- Przygotowaliśmy się do spotkania z Koroną jak do każdego meczu w Poznaniu. Oczywiście ćwiczyliśmy atak pozycyjny. Musimy jednak pamiętać, że aby wygrać musimy nie tylko strzelać, ale też pilnować swojej bramki - przyznaje trener Kolejorza Nenad Bjelica.
Sztab szkoleniowy Lecha w niedzielnym meczu nie będzie mógł skorzystać z usług Nickiego Bille oraz Macieja Makuszewskiego. Ten pierwszy dopiero wrócił do treningów po urazie mięśniowym, a drugi ma złamane żebro i w tym roku już nie zagra. - Otrzymał uderzenie w żebra i ta kontuzja spowodowała, że w tym roku już nie zagra - mówi trener pierwszego zespołu Lecha. - Na pewno zagra Paulus Arajuuri. Nie dlatego, że to jego pożegnalny mecz. Zasłużył na ten występ swoim profesjonalizmem i formą w ostatnim czasie - dodaje.
Uraz Makuszewskiego otwiera szansę występu przed Kamilem Jóźwiakiem. Młody skrzydłowy w ostatnich dwóch meczach pojawił się na boisku i zaprezentował się z dobrej strony. - Naturalnie, że Jóźwiak będzie otrzymywał kolejne szanse. Biorąc pod uwagę Józia, Pawłowskiego, Jevticia i Formellę to mamy czterech piłkarzy na dwie pozycje. Oni o te miejsca będą rywalizowali. Ostatnio Kamil otrzymywał szansę gry. Pokazał, że warto dawać mu kolejne. Tak też będziemy robić - mówi Nenad Bjelica.
W niedzielę Kolejorz stanie przed szansą na rehabilitację za porażkę w Białymstoku. - Nastawienie drużyny do treningów nie zmieniło się. Przegraliśmy jeden mecz po dłuższej serii wygranych i to nie wpłynęło na nas w żaden sposób. Praca w tym tygodniu przebiegała dobrze. W meczu z Jagiellonią mogliśmy osiągnąć więcej, ale takie wypadki się zdarzają. Życie toczy się dalej, a teraz myślimy już tylko o kolejnym spotkaniu i zdobyciu trzech punktów - zaznacza chorwacki szkoleniowiec, który nie zwraca też uwagę na ostatnią formę Korony.

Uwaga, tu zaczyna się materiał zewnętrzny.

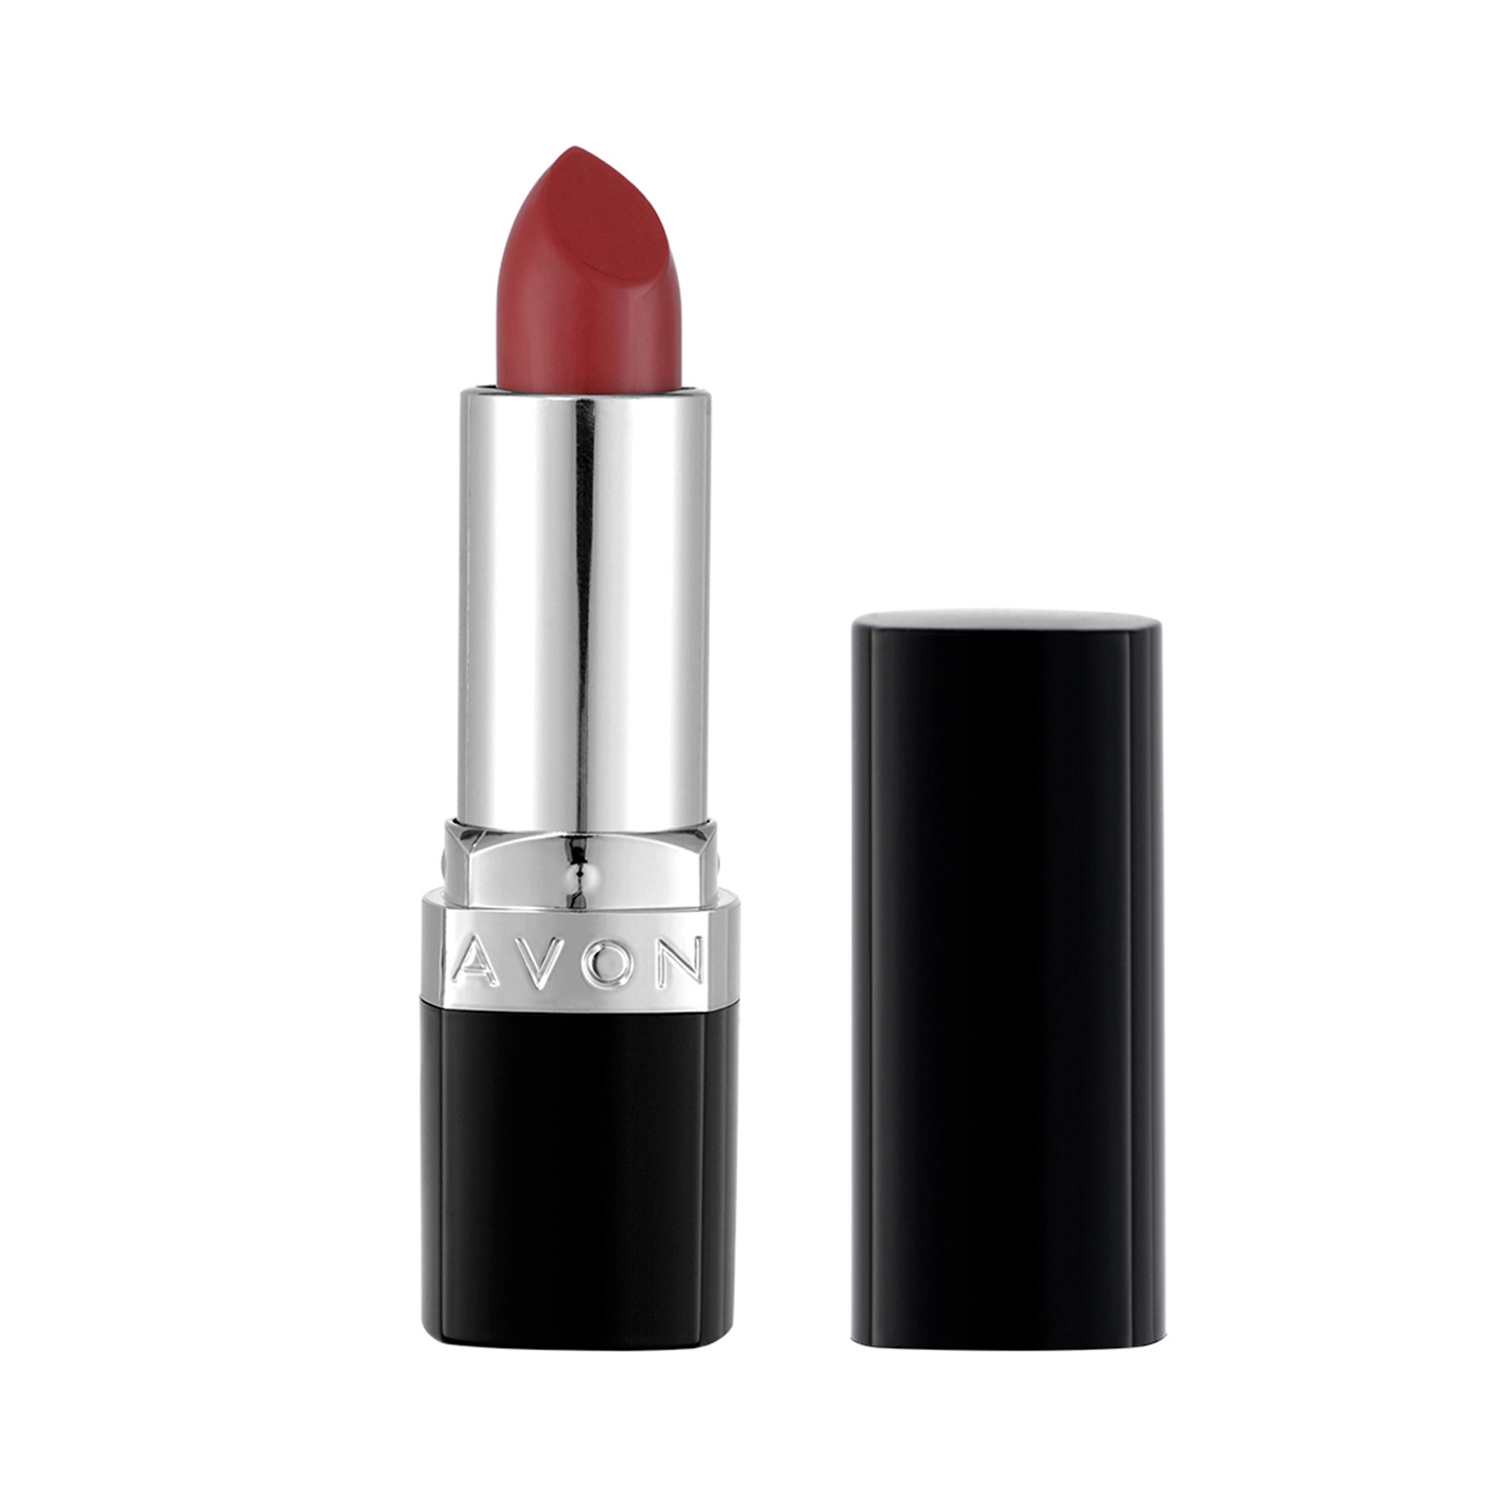 Avon True Color Lipstick SPF 15 - Wineberry (3.8g)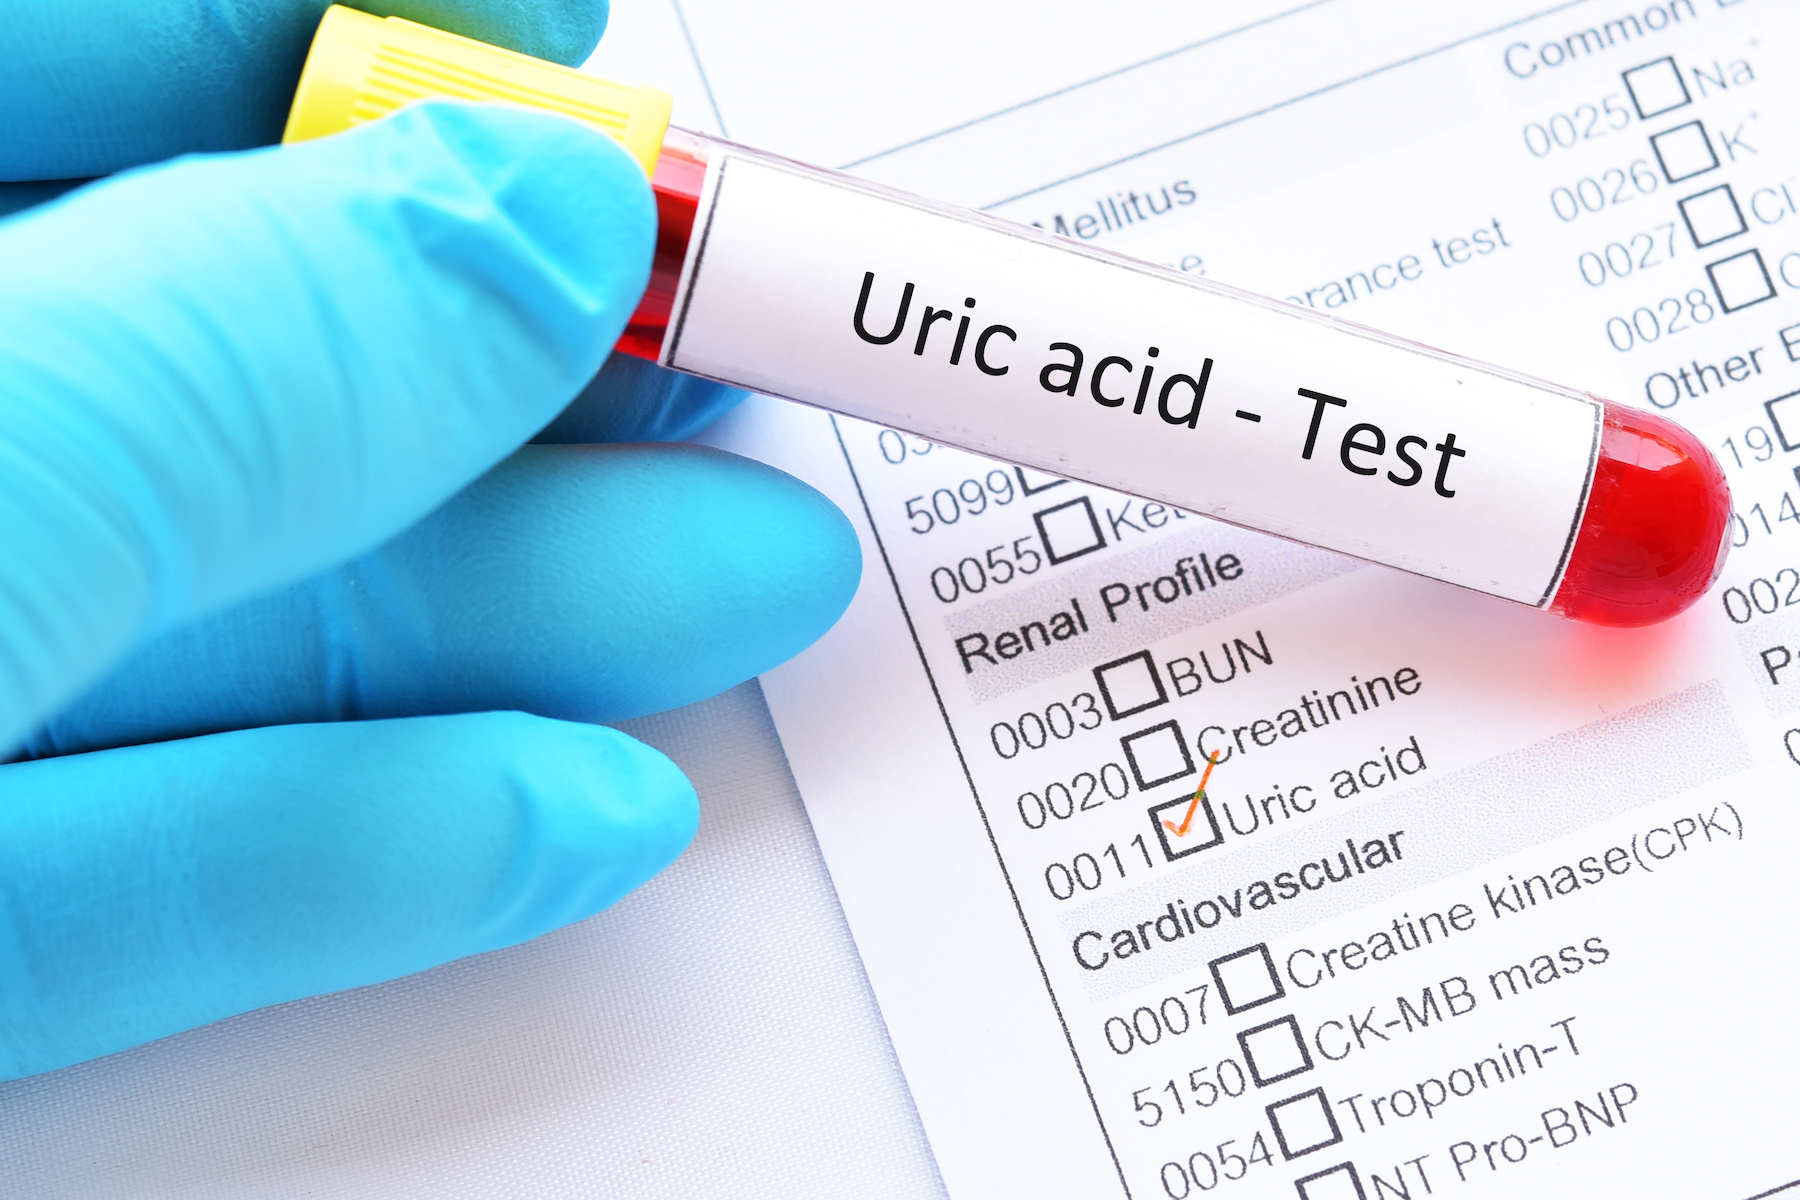 high uric acid test

Ta po przejściu zespołu przez trenera Bartoszka wygrała dwa pierwsze mecze. Przed tygodniem jednak straciła punkty w starciu z Piastem Gliwice. - Koncentrujemy się na grze naszego zespołu. Mniejsze znaczenie ma to co dzieje się w drużynie rywala. W Krakowie i Białymstoku straciliśmy bramki. Te mecze pokazały, że nasze indywidualne błędy wpłynęły na wyniki. Dlatego właśnie musimy myśleć o naszej grze i pod tym kątem przygotowujemy się do spotkania z Koroną - kończy Bjelica.